Ayrıca zengin petrol kaynaklarına sahip Orta Doğu'ya hâkim bir konumda bulunması, Sovyetler Birliği'nin dağılmasından sonra kurulan Türk Cumhuriyetleri, ülkemizin jeopolitik önemini daha da artırmaktadır. Türkiye dünya coğrafyasında bulunduğu konum nedeniyle, birçok ülkenin ilgi alanındadır. Şimdiye kadar böyle oldu, bundan sonra da bu ilgi devam edecektir.

Ülkemizde, zaman zaman terör ve kargaşa ortamı yaratmak isteyenler kardeşi kardeşe düşürerek toplumumuzu düşman kamplara ayırmak istemektedirler. Bize düşen görev, bu tür oyunlara gelmemektir. Ülkeler arasındaki çıkar çekişmeleri farklı biçimlerde ortaya çıkabilir. Ülke içindeki şiddet eylemlerinin artmasında çıkarı olan ülkeler bulunabilir. Bizlere düşen görev, iç sorunlarımızı kendi imkânlarımız ile çözerek, hiç bir devlete muhtaç olmadan yaşayabilmektir. Çok çalışarak Atatürk'ün gösterdiği “Çağdaş uygarlık düzeyinin üstüne çıkmak” hedefini gerçekleştirmek zorundayız. Bugün yer yüzünde kendi kendini besleyebilen bir kaç ülkeden biriyiz. Buna bilim, sanayi ve teknolojik alanlarda yapılacak atılımları da eklersek ufkumuz daha da açılacaktır.

Güneydoğu’nun kaderini değiştirecek olan Güneydoğu Anadolu Projesi (GAP), birçok ülkenin kıskançlıklarına neden olmuş, engellemek için bölgede hemen bir terör ortamı yaratılmıştır. Atatürk'ün, Türkiye Cumhuriyeti'ni emanet ettiği Türk gençliği, bu tür oyunlara düşmeden, vatan ve millet sevgisiyle ülkesinin huzuru için çalışmayı kendisine tek amaç edinmelidir.

Anarşi ve terörün hedefi; toplumu yönetilemez hâle getirmek, Türk yurdunu bölerek parçalamaktır. Türk milletini içten bölmek ve çökertmek, devlet gücünü ele geçirmektir. Anarşi ve terörü sadece insanlara korku salması olarak algılamayalım. İnsanlar arasında güven duygusunu ve bir arada yaşama koşullarını ortadan kaldırmaktır.

Türkiye Cumhuriyeti Devleti'nin varoluşunun temel kaynağı olan, Atatürk ilkelerini ve cumhuriyet yönetimini ortadan kaldırmayı amaç edinmişlerdir.

Çağdaşlık, ilkelliğin zıddı olan bir kavramdır.

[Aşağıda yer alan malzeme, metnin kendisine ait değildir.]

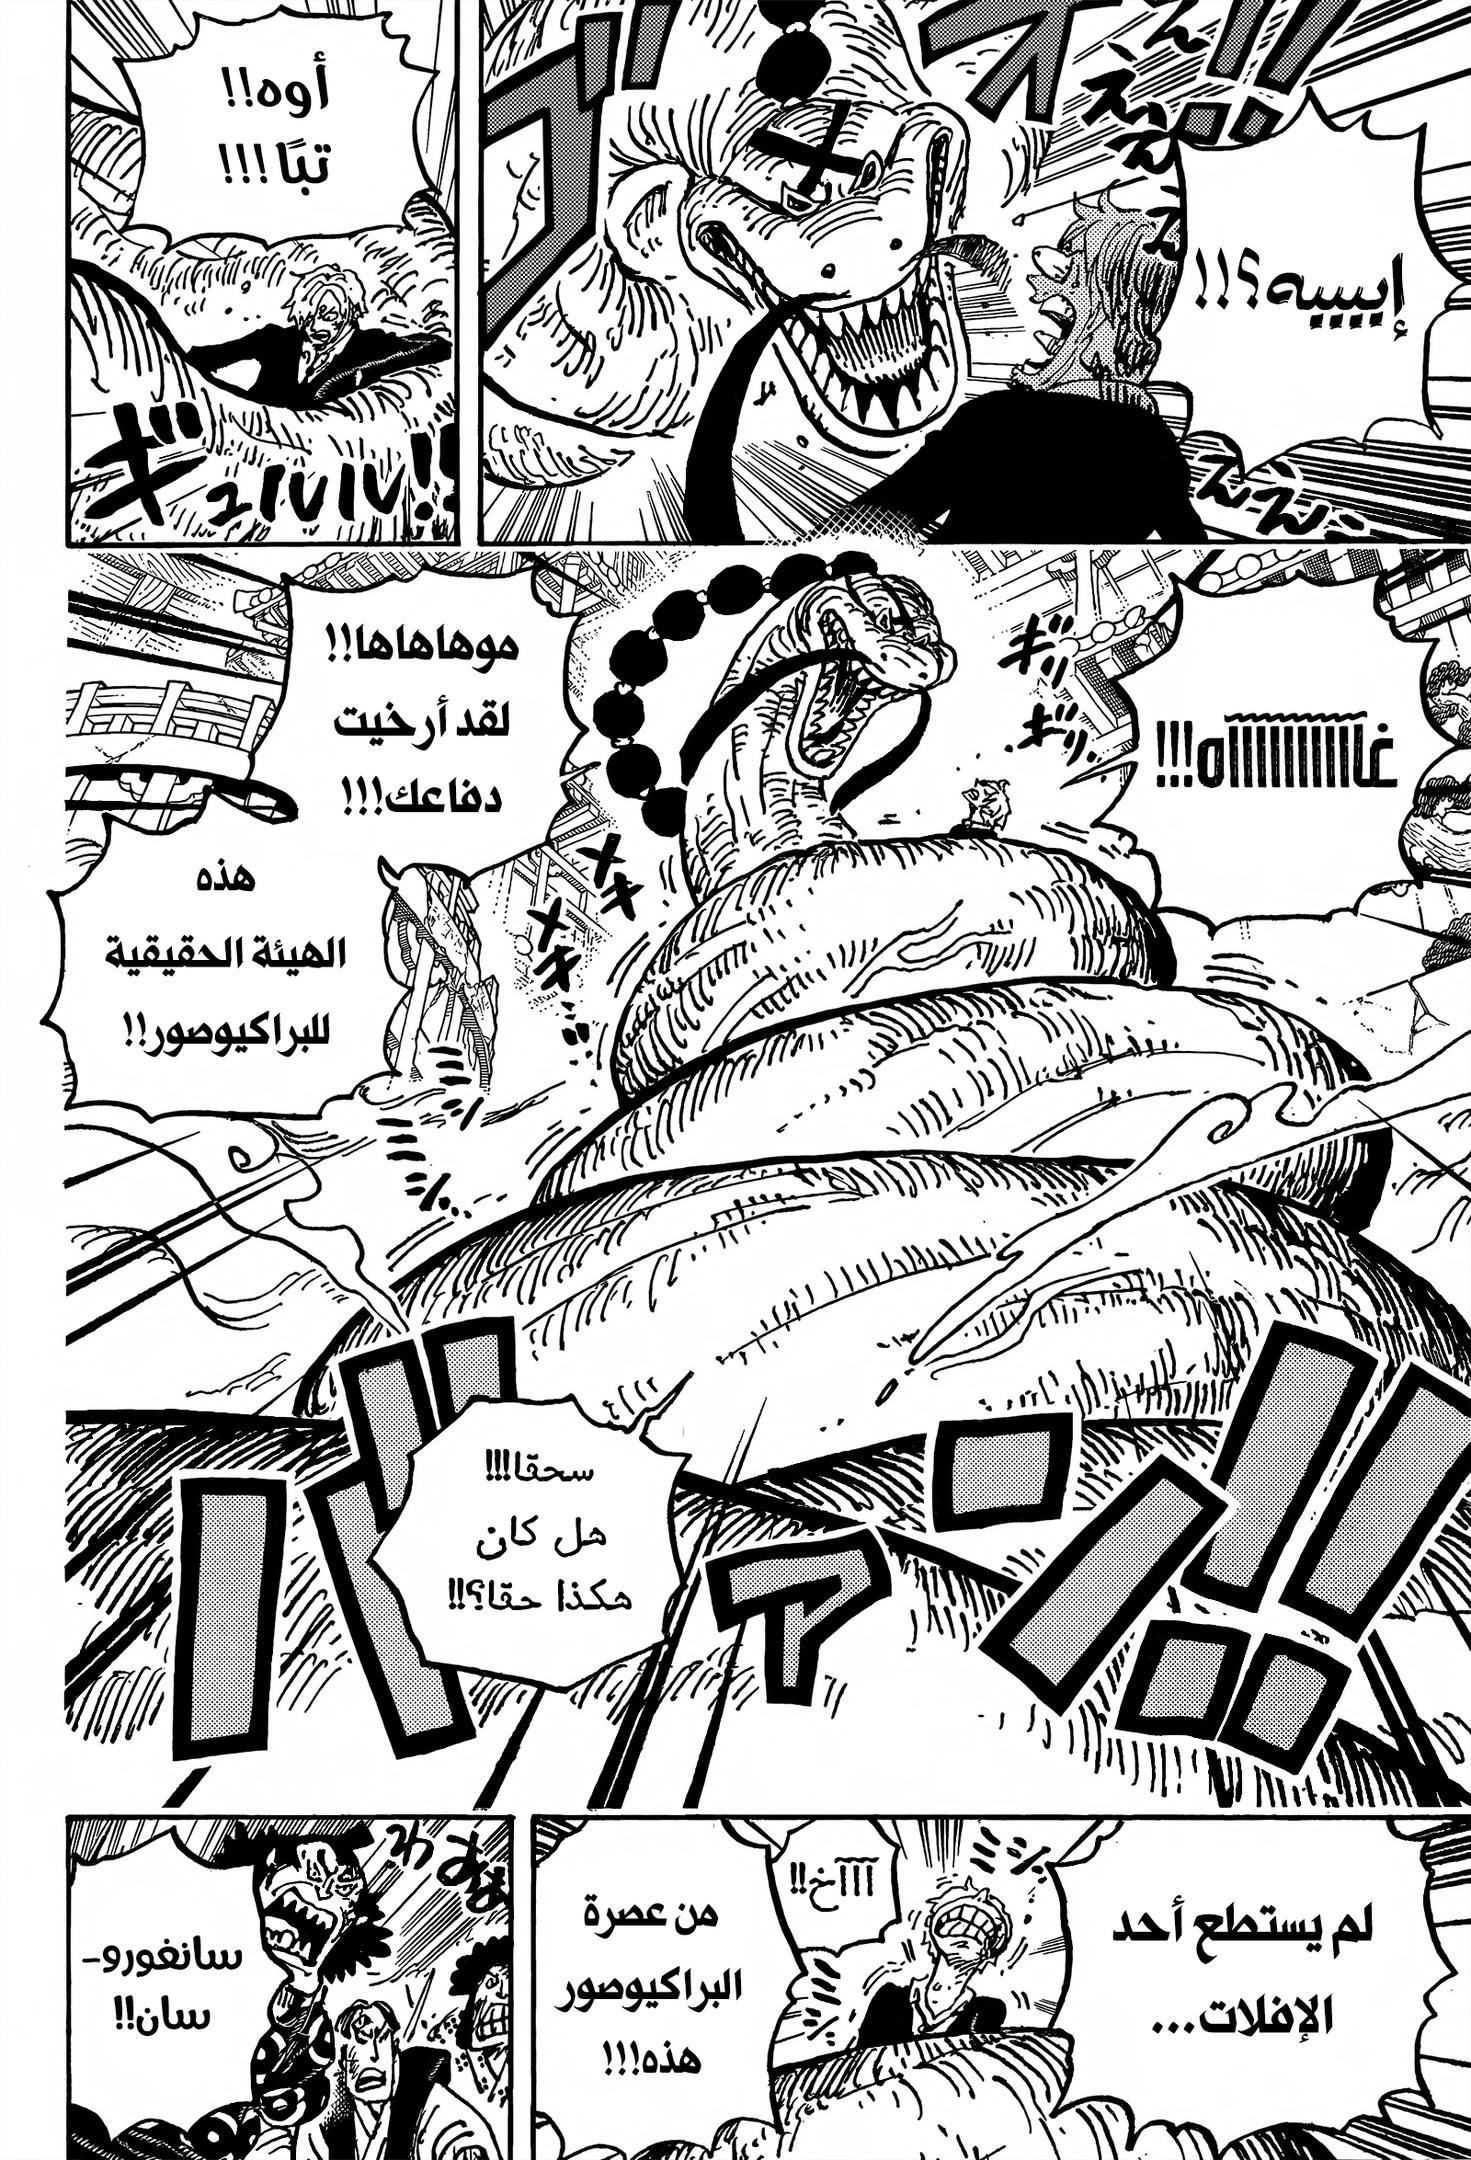 Arab One Piece 1028, image №14

Yani çağdaş olan, günümüzde yaşayan, yeni ve değerli kurumlar, ilkellikten ve kaba ölçülerden arınmıştır. Günümüzde çağdaşlık denildiği zaman aklımıza ilk gelen, demokratik, lâik ilkelere bağlı, hukuka ve insan haklarına saygılı bir düşünce yapısı anlaşılmalıdır.

Milletler, devletler halinde örgütlenirler. Normal olarak, her milletin bir devleti olmalıdır. Milletler arası iş birliği, Türkiye gibi diğer devletlerin de önem verdikleri bir çalışmadır. Ancak, ülkemiz, diğer devletlerin karşı karşıya kaldığı önemli ve güncel tehditlerle karşı karşıya bulunmaktadır. Bu önemli tehdit unsuru kaçakçılıktır.

Kaçakçılıkla mücadelede milletler, bir araya gelemediklerinden başarısız olmaktadırlar. Devletimiz, kaçakçılığın önlenmesi için büyük çaba harcamaktadır. Jandarma Genel Komutanlığı, Emniyet Genel Müdürlüğü, Gümrük Genel Müdürlüğü, Tekel Genel Müdürlüğü gibi kuruluşlar, kaçakçılıkla mücadele ederek sürdürmektedirler.

Kaçakçılığı önleme konusunda devletimizin, vatandaşlarından beklentileri vardır. Örneğin, çevremizde silâh, tarihi eser, uyuşturucu madde kaçakçılığı yapanları ilgili devlet birimlerine bildirmeliyiz. Bu bir vatandaşlık görevidir. Aynı zamanda, insana ve insanlığa hizmet etmektir.